So now, what is the mind?
The mind, at least the way we speak about it, is non-physical. It is the collection of one’s thoughts, values, memories, judgments, general state of consciousness and perception of the world. The mind has been the object of much dispute throughout the history of philosophy. Generations of thinkers have tried to decipher precisely where the brain ends and the mind begins. This problem, known as the mind-body problem, has two general approaches. One, known as Dualism, is to assume that the separation between mind and body is clear and rigid, two distinct entities. In fact, Renee Descartes (a 16th century philosopher) actually theorized a particular location within the brain where the mind sat as a separate entity altogether. The second approach, physicalism or functionalism, represents the alternative view, stating that every mind, or all of the mind’s experiences, can be reduced to the physical functions of the brain within our skulls.

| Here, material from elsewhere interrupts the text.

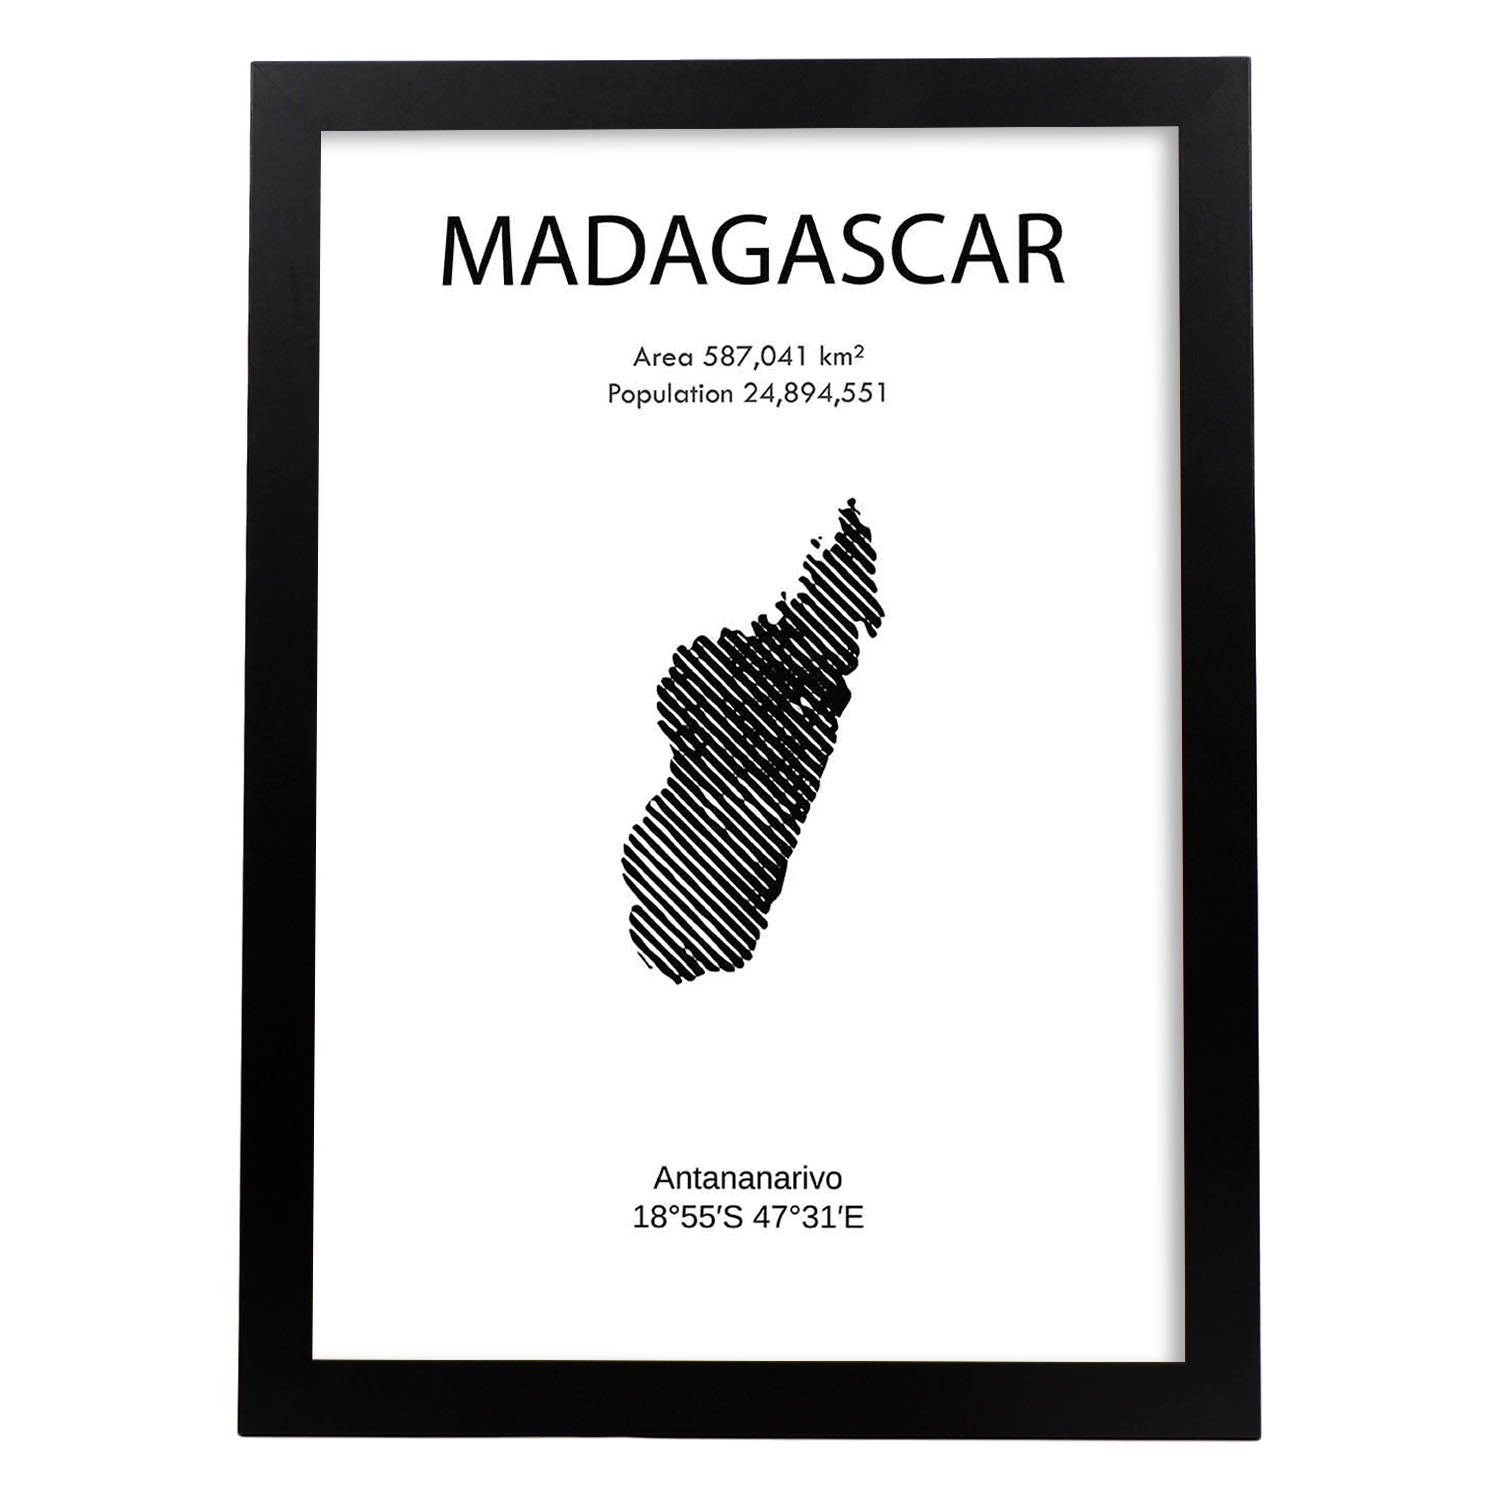 Poster de Madagascar. Láminas de paises y continentes del mundo.-Artwork-Nacnic-A4-Marco Negro-Nacnic Estudio SL

Patients with mental illness have diseases of the mind. The perplexing nature of the mind – the same problem that plagued the history of philosophy – is a fundamental part of what complicates their illness experience. The very dilemma that has played out in philosophy over centuries plays out in the minds of these patients: “They tell me I have a disease… but I don’t feel diseased, I just feel unlike myself, or different from who I am supposed to be.” Some patients word it differently: “I am told that I just need to snap out of this, that I am being too weak. This is who I am. It is my fault.” This sentiment is heard quite frequently. Some patients cannot distinguish their disease from their self and, all too often, neither can their friends or family.
The conflict of terms:
Psychiatrists have come to know mental illness as an organic disease, one that has a basis in chemistry, cellular/neuronal biology and neuroanatomy (in a sense, no different from a heart attack or cancer). But to patients, it hardly feels organic at all. With mental illness, we are not talking about a patient’s heart that has changed, or a liver, or a kidney that just isn’t what it used to be. With mental illness, a patient’s self is compromised and that very self is at great risk of being damaged. When a disease affects one’s self (one’s mind) it becomes increasingly difficult to conceptualize it as a disease, or to differentiate it from the patient experiencing it. This may contribute significantly to a patient’s sense of guilt, worthlessness and isolation that comes with the illness experience. For family members, this phenomenon can make it unimaginably challenging to empathize with those who suffer. It may be difficult, for example, to see the suffering of a family member with bipolar mania if the patient herself cannot recognize her suffering. Or it can be challenging to sympathize with a victim of depression when the patient himself has no words with which to convey the experience. Even more so, if a patient physically or emotionally hurts those they love in the context of illness, it can be exceedingly difficult for family members to separate the man or woman from the evils of the disease.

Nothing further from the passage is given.